# Daughter crying every time she is told off... Normal?



## opticalillus5

My daughter has just turned 5, and every time I tell her off for something, she starts crying. I never shout at her, but I do have a stern voice which I use to let her know that something is unacceptable. 

For example, how she treats the dog. No matter how many times I tell her, she keeps pulling the dog's tail. Or putting it under her covers in her bed (she's allowed to have it sit on her bed until she goes to sleep, but not under the covers). 

I'll say to her 'Emma, you know you're not allowed to pull Tilly's tail', and she immediately starts crying. I don't raise my voice, but when I ask her why she's crying, she says it's because i have 'shouted' at her. Which I haven't... I never need to, because she's not actually that naughty at all. It's just little things. 

I don't know whether she's crying because she's been caught doing something she shouldn't, or because she's upset that i'm unhappy with her. 

Sometimes, she makes herself cry too, but that tends to be more to get her own way. I do cuddle her when she cries, but now i'm trying not to as I think this might be making things worse - I.e. she's still pulling the dog's tail, and seems only to be upset that she's getting caught, not that she's doing it in the first place! 

Is this normal?


----------



## v2007

I think tears are sometimes a guilt measure, to make us feel bad even thou they do know they are doing something wrong. 

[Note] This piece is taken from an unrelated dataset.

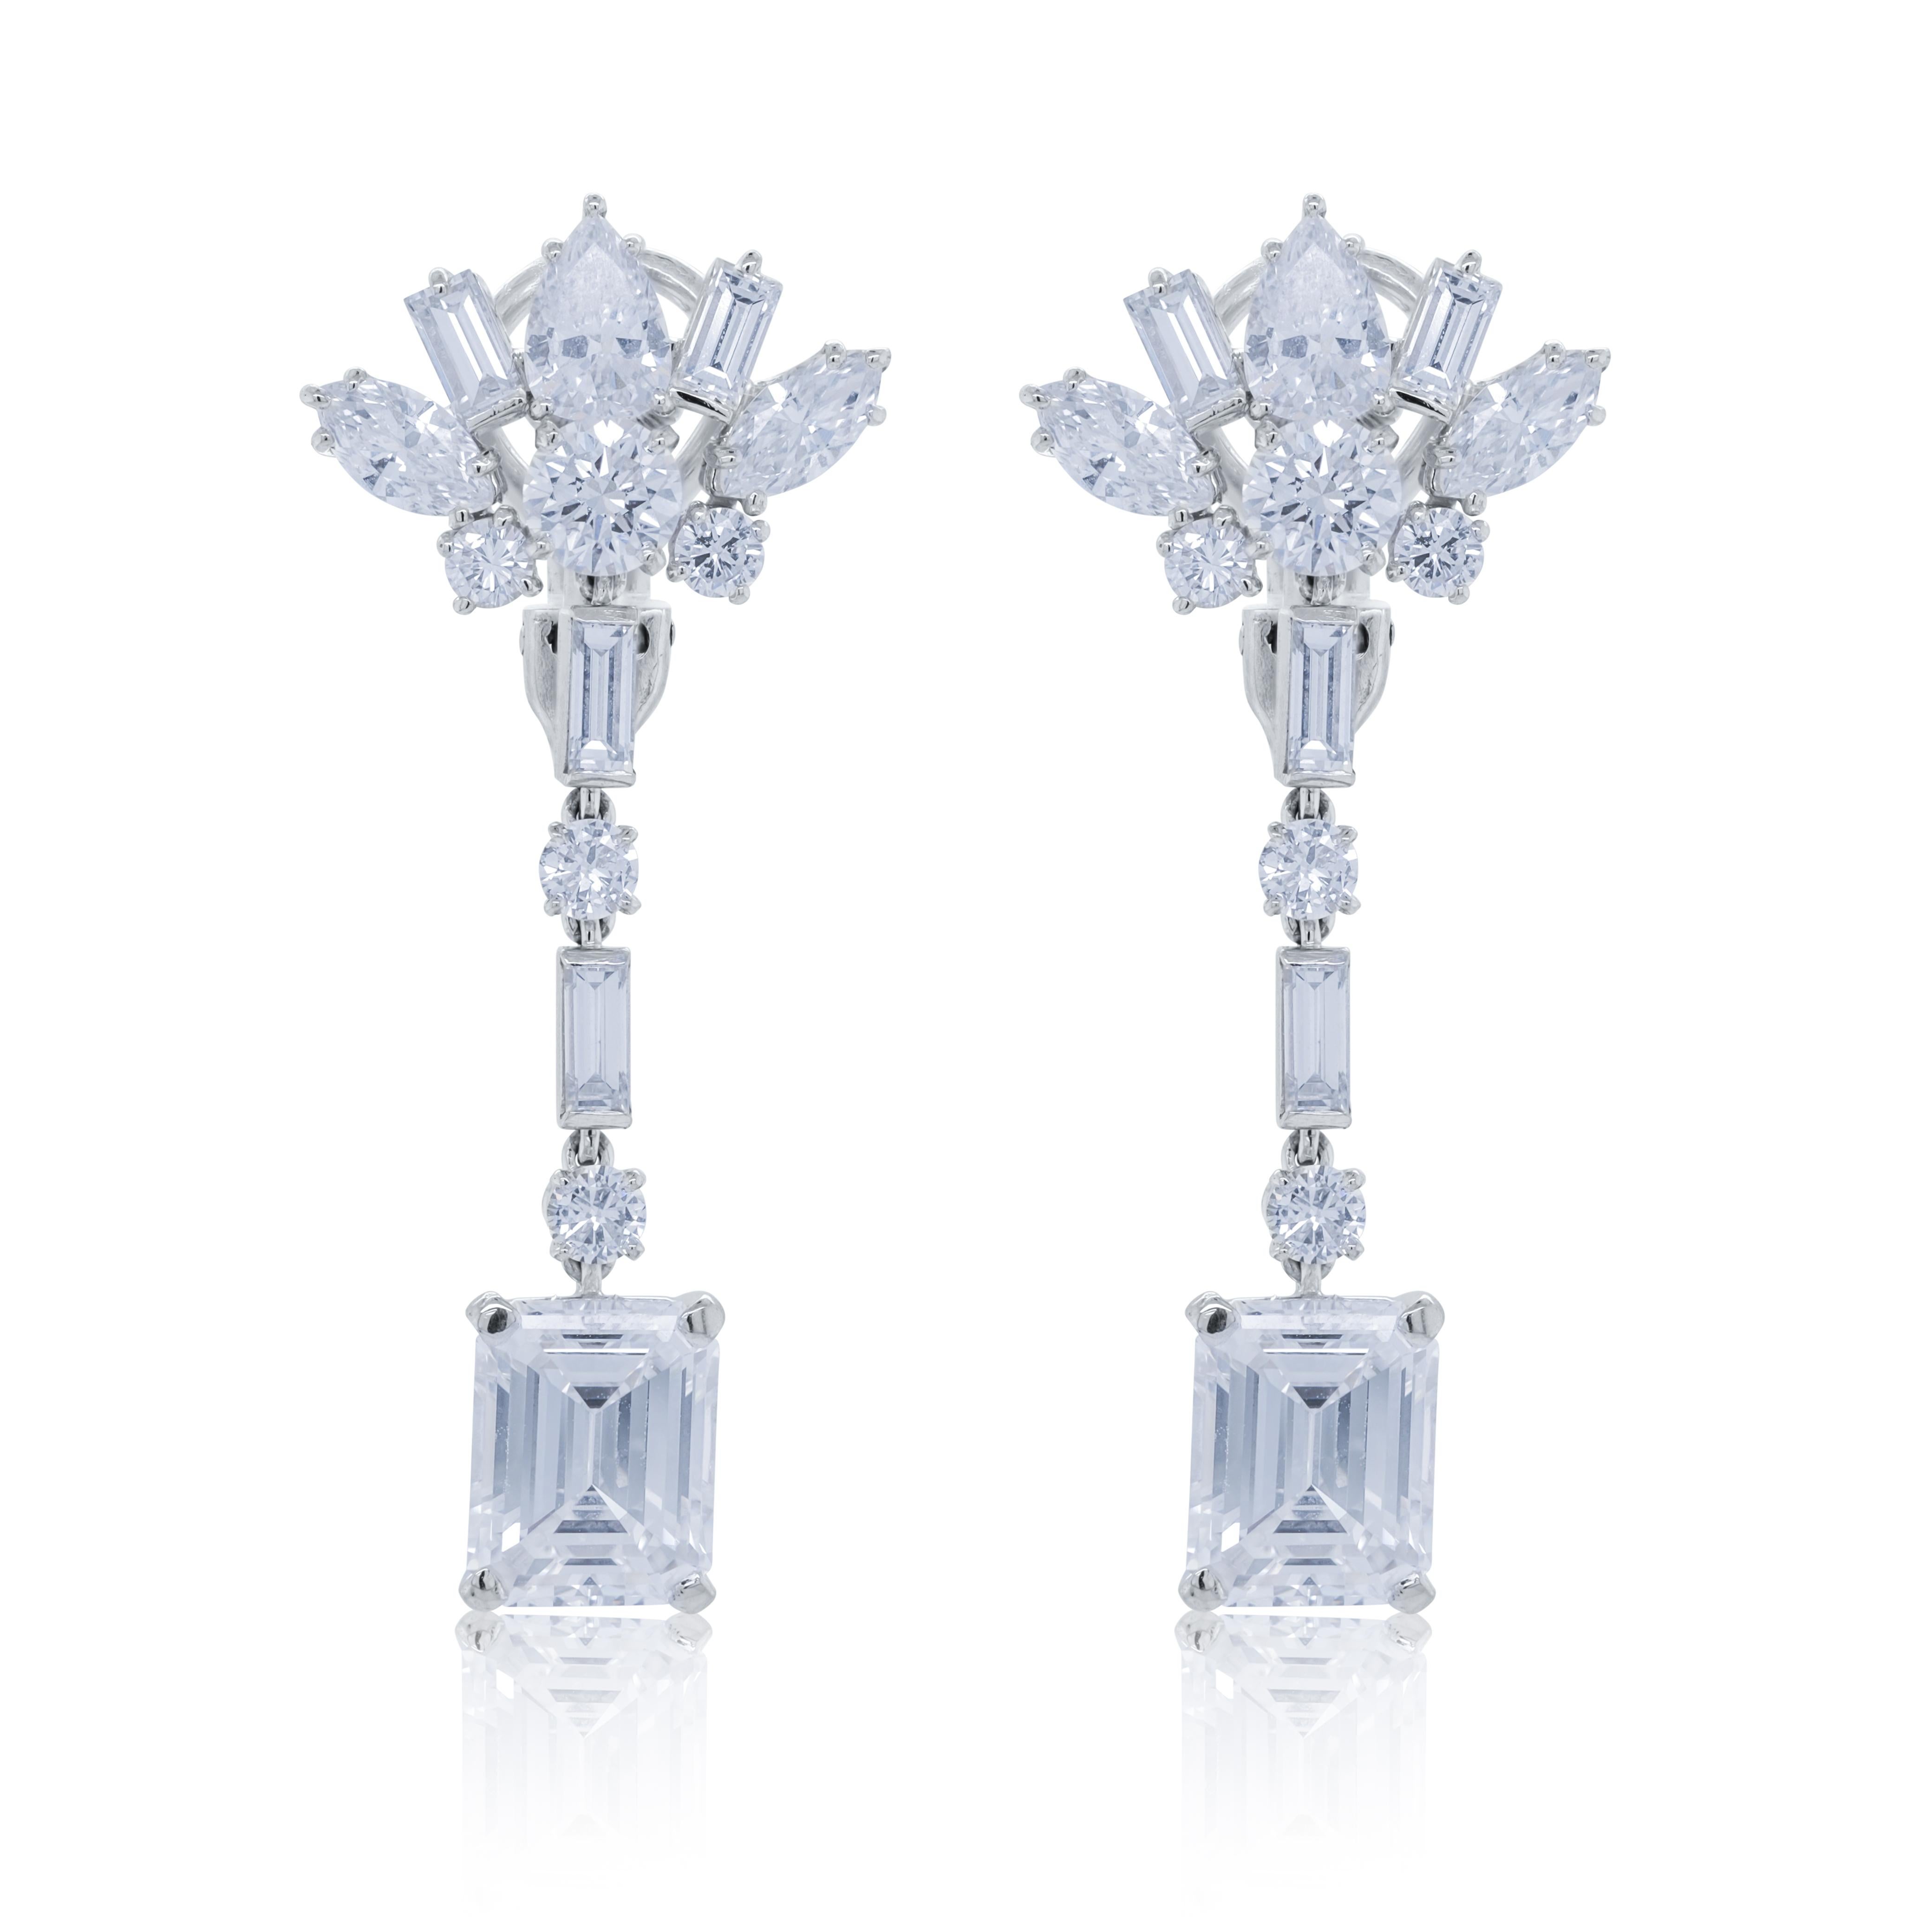 Emerald Cut Diana M. PLATINUM EARRINGS  SET WITH GIA DIAMONDS 2.47CT E VVS2 AND 2.63 F IF For Sale
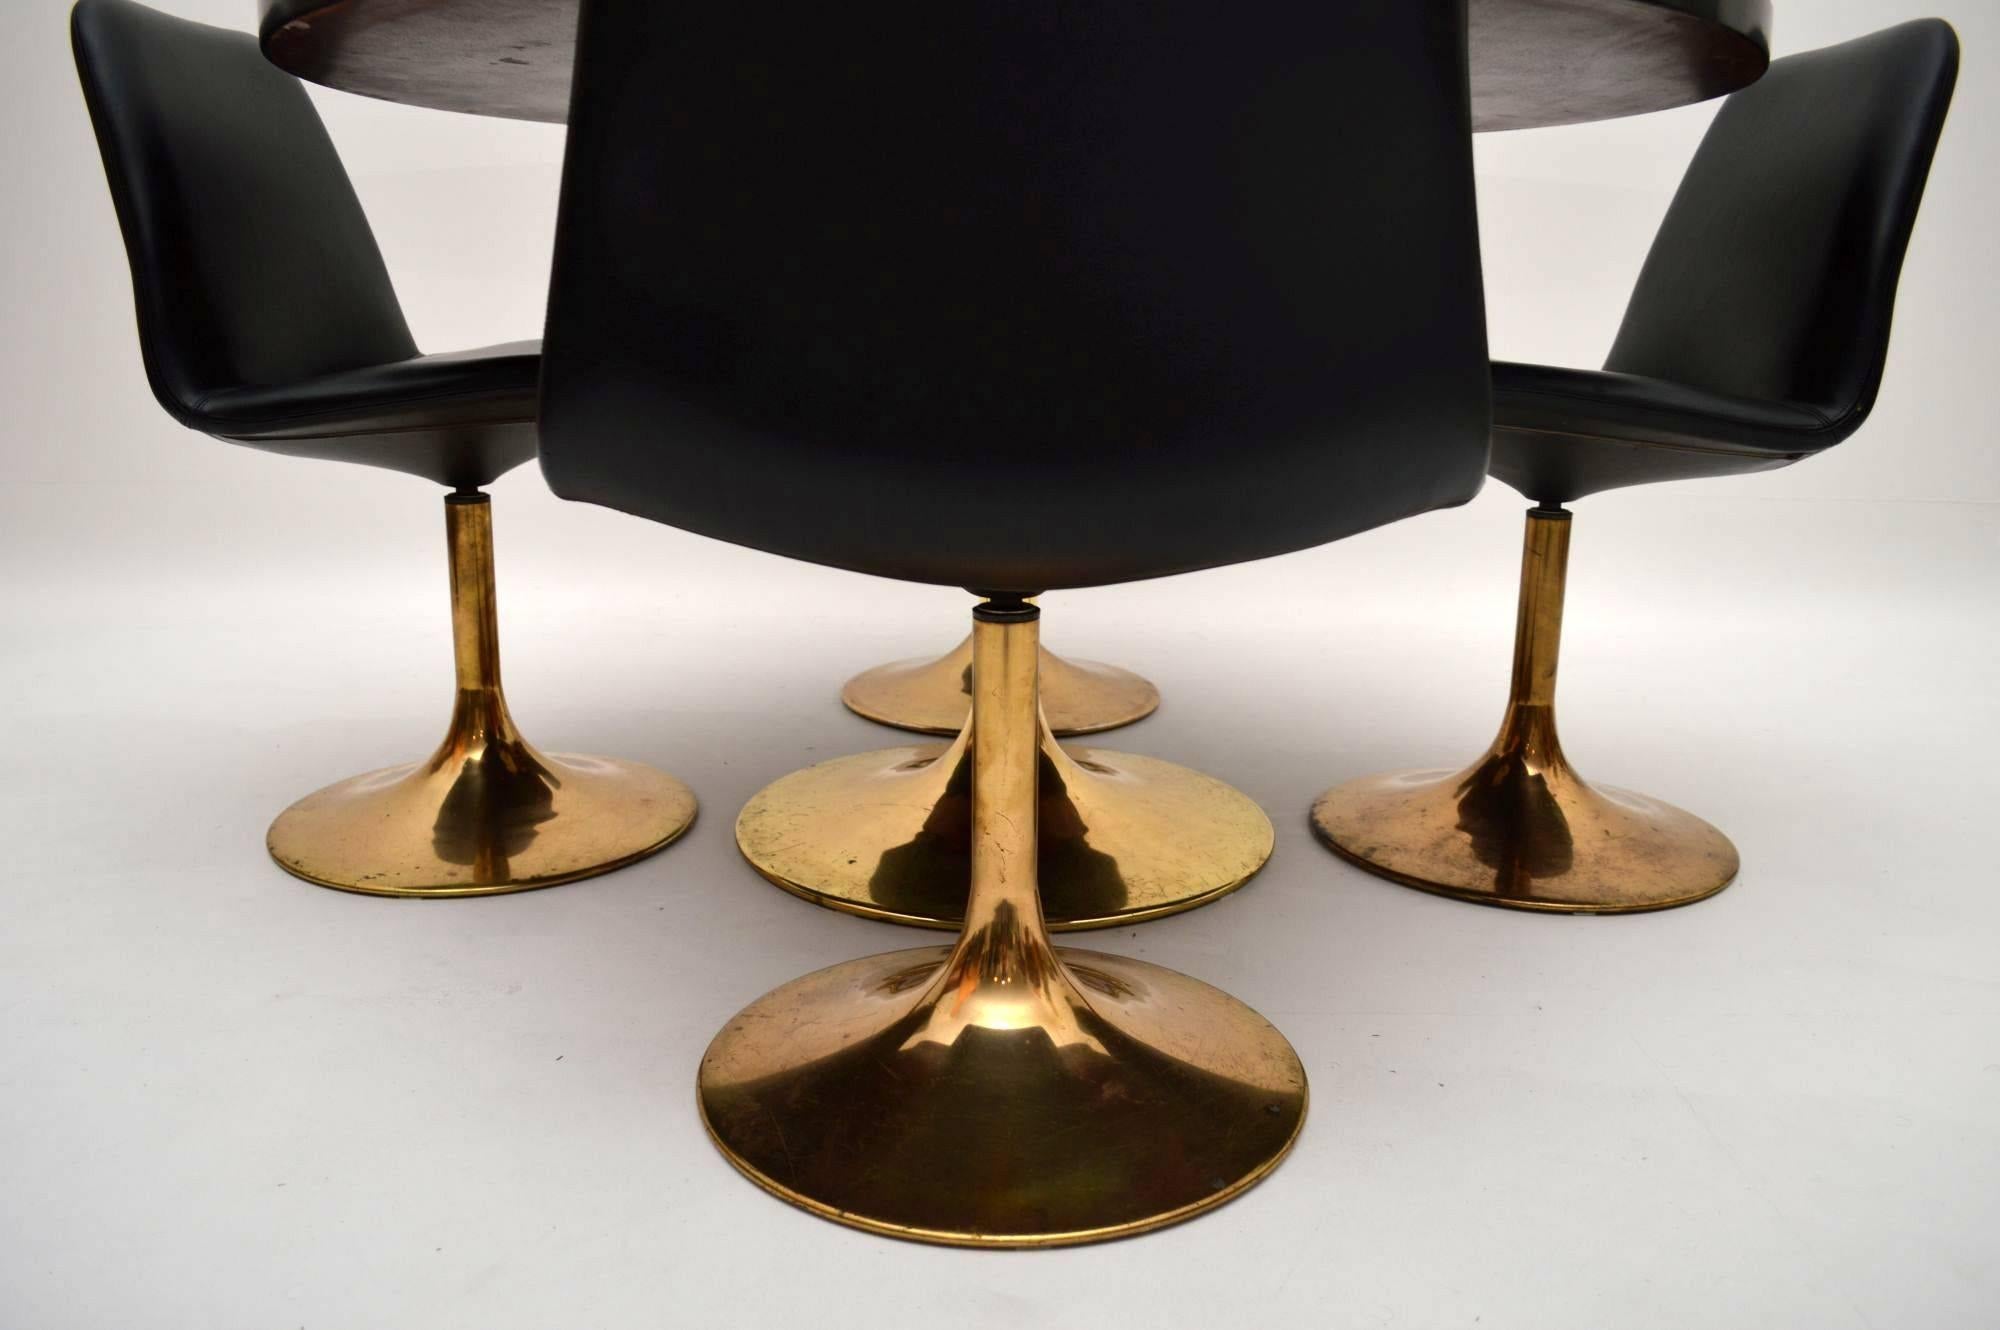 A stunning retro dining set by Borje Johanson, this was made in Sweden, it dates from the 1960s. The dining table has been ebonised and re-polished, the condition is perfect on the top. The dining chairs are covered in black vinyl, which is also in

Tears dont work on me, just lets me know that what i have said has been understood. 

Normal..yes.

Stick it out, she will soon stop the tears and by the time she is Mollies age, it will be banging up the stairs and a scowl. 

V xxxx


----------



## leeanne

Some girls seem to be a little emotional when they get in trouble. I know my 8 year old hates getting into trouble and has cried a number of times over the years, especially when OH raised his voice to her.


----------



## samsugar7

Yep agree with above, E can turn on the water works in a second. She uses them on OH (her dad) as she knows he hates children crying but not on me as she knows i wont take the blind bit of notice. :blush:

It will pass when she realises you will still ask her not to do things or remind her she shouldnt do things. If it doesnt stop try crying everytime she tells you not to do something or tells you off. If she is anything like E at that age she will be quite bossy and sure she is always right. It will annoy her that you always start crying and it might sink in that thats how you feel when she does it. 

xx


----------



## AimeeM

Totally 100% normal. I wouldn't worry every kid i know cries when told off. As was said above it is a guilt thing i believe. To make you feel guilty for telling them off and because they feel guilty about whatever they are getting a telling off for.


----------



## hopeandpray

Trust me to have the opposite point of view :blush: when i was little and my mum shouted at me i got it into my head that she didn't like me :dohh: so just make sure that she knows that you don't want to have to give out to her and won't if she won't misbehave


----------



## samsugar7

hopeandpray said:


> Trust me to have the opposite point of view :blush: when i was little and my mum shouted at me i got it into my head that she didn't like me :dohh: so just make sure that she knows that you don't want to have to give out to her and won't if she won't misbehave

I dont think its opposite hun the OP has said she wasnt shouting just reaffirming what her daughter shouldnt do. I have only shouted at E twice in the 3 years i have known her as she was doing something dangerous and i couldnt get to her before she was hurt so i did it to get her attention. 

I dont agree with shouting at children for the same reason but just using a firm voice shouldnt make anyone think you dont like them. E turns the water works on even if all we are doing is asking her to pick up she shoes. :haha:

:flower:


----------



## MrsRabbit

I always cried when I got in trouble as a kid. I HATED getting in trouble and tried so hard and I hated being scolded. I didn't do it to make my parents feel bad.


----------